Sql-server – Store VarChar(Max) [Notes] Column on Same or Separate Table

database-designsql servervarchar

Disclaimer

I had and idea for a table design a little while ago that made sense to me at the time. In recent history I have realized I have a habit of "over engineering" or spending too much time trying to "over optimize" solutions. I am assuming that this is one of those instances where I am over thinking the solution and will create extra overhead with little to no actual gain.

Question

Assume for an object (a Shipment table for example) there is some kind of NOTE varchar(MAX) data element we want to keep track of. The NOTE column has the opportunity to have data pushed into an overflow and dramatically increase the size of the row (thus limiting the number of rows that can be saved on the page). As I understand it, this then negatively impacts the execution time of various operations on the table as a whole.

Is there ever an instance where we should push that column into a separate stand alone ShipmentNote table instead of keeping it as a column on the Shipment table? The theory being, if we push the NOTE column into a separate table it saves the pages on the Shipment table which allows all operations on the Shipment table to perform better. Because the row size is smaller and now you can fit more rows onto the same page.

(See schema examples below):

ER Diagram

The main use case where this might be a good idea is if:

  • The Note column is regularly over 8000 characters (which I think is when we start using the extra paging)
  • The Note column only returned in SELECT operations and is rarely or never used as part of a JOIN or WHERE
  • The remaining columns on Shipment are going to be queried independent of Note on a regular basis (IE: most of our operations, will not utilize Note, be that JOIN or WHERE conditions happening on other columns in `Shipment)

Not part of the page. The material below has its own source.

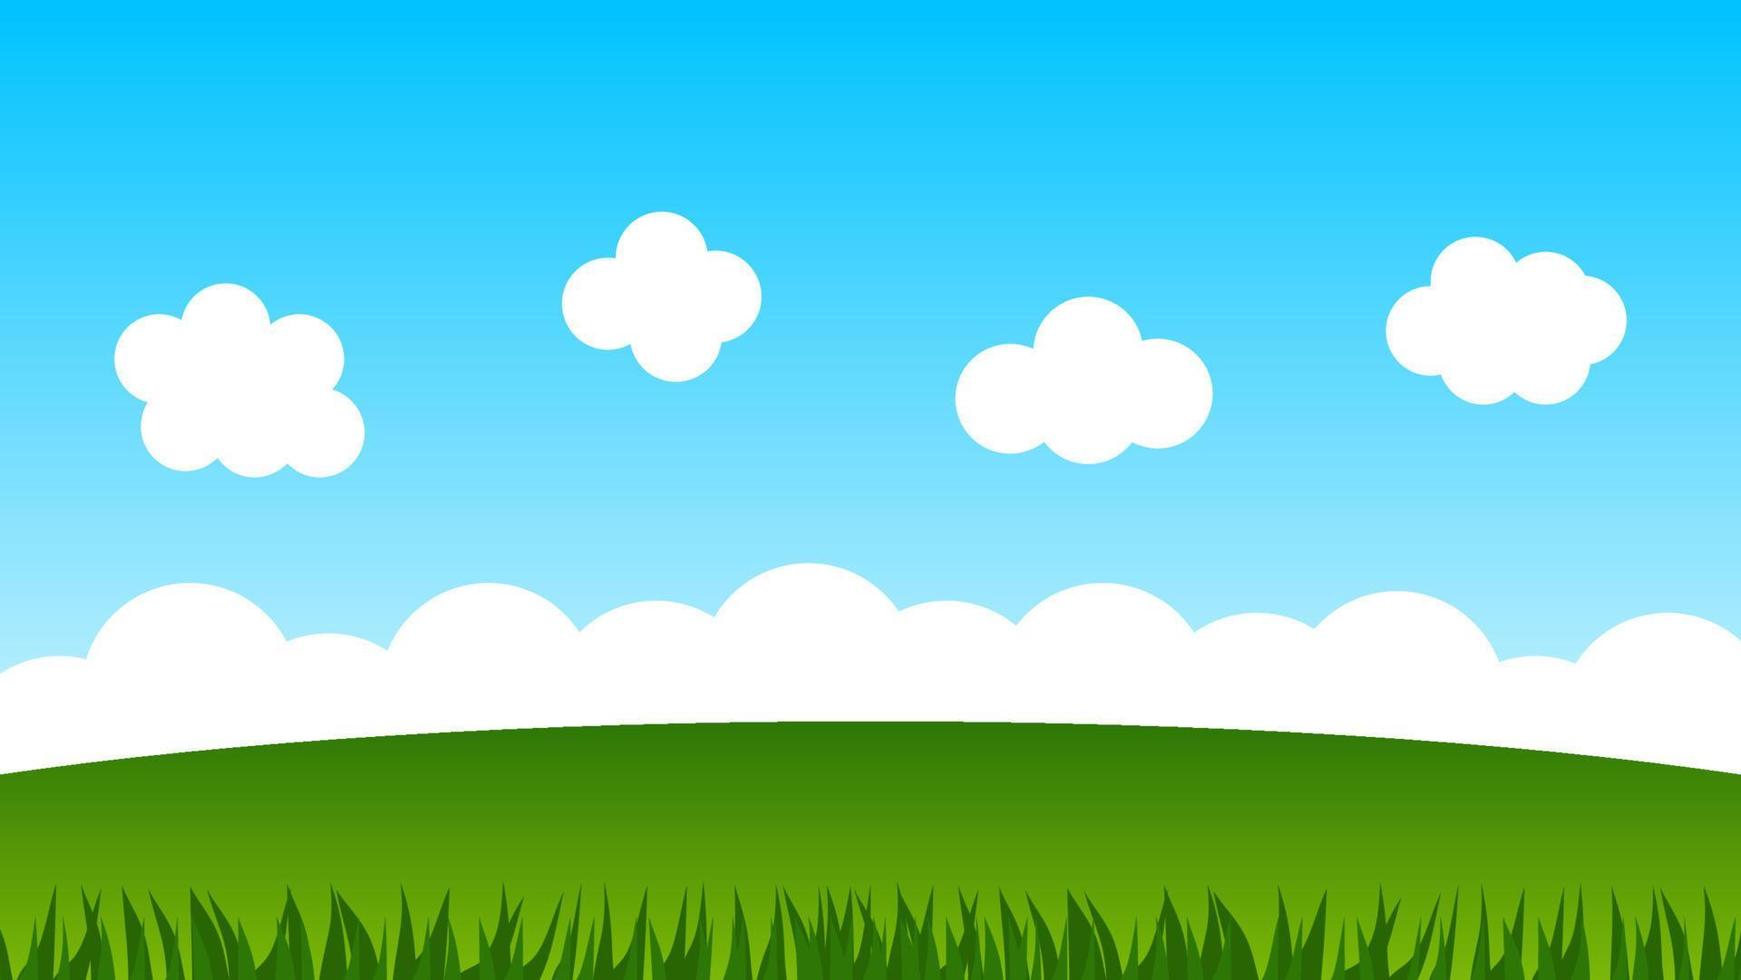 landskap tecknad scen med gröna kullar och vita moln i sommar blå himmel bakgrund vektor

The disadvantages I am seeing (outside of this may not actual make noticeable improvements in working with the Shipment table outside of the Note column):

  • It now becomes impossible (or at least requires a trigger or something else) to ensure that there is always some kind of value for NOTE (IE: because it is now on a separate child table we can't ensure that NOTE is NOT NULL for every row in Shipment
  • Any operation utilizing NOTE will now take extra effort, because of the need to do a JOIN to make sure we are working with the correct record

Best Answer

While its great that you are even thinking about this - I would consider it to be micro-optimisation. SQL Server already has optimisations built into it for handling NVARCHAR(MAX) and so generally I would say to not second guess it until it becomes a problem. However, there are two main points that came to mind when reading your question.

The first is (as you touched on with your last point) would there actually be any performance gained by splitting the data out into another table over letting SQL Server optimise the pages and data itself? I don't have hard evidence with me right now but I suspect not. The reason is that, as you mention, your data is regularly over 8000 bytes and therefore will be moved to LOB pages in your Note table anyway. You would just be moving the perceived problem from one table to another. Add the overhead of performing a JOIN when having to fetch the data and you are likely end up slightly worse off than you were to begin with.

Secondly, as you tagged the question with database design, my actual recommendation is that you do split out the notes into another table. However, my reasoning is not so much driven by the performance optimisation but more specifically adding flexibility to the application. It is highly likely that a shipment may need more than one note attached to it (for example if it is delayed on transit, or a customer calls in etc...). If you have the note on the actual shipment itself it makes it harder to do this without duplicating data. If you extract it into its own table you will be able to assign multiple notes to a shipment, and track who entered them and when. This makes your application and database more flexible.

If you want to optimise then I would recommend removing the need to query the notes unless someone specifically wants to view them (such as having a dedicated form in your application to do so). That way, you only need to perform the join/lookup when somebody explicitly wants to view the data. Even if you didn't externalise the notes to another table, not including the column in the query if it is not needed will remove the need for SQL Server to read the LOB page. If possible I'd always optimise queries to return the least amount of information required before optimising at a micro level.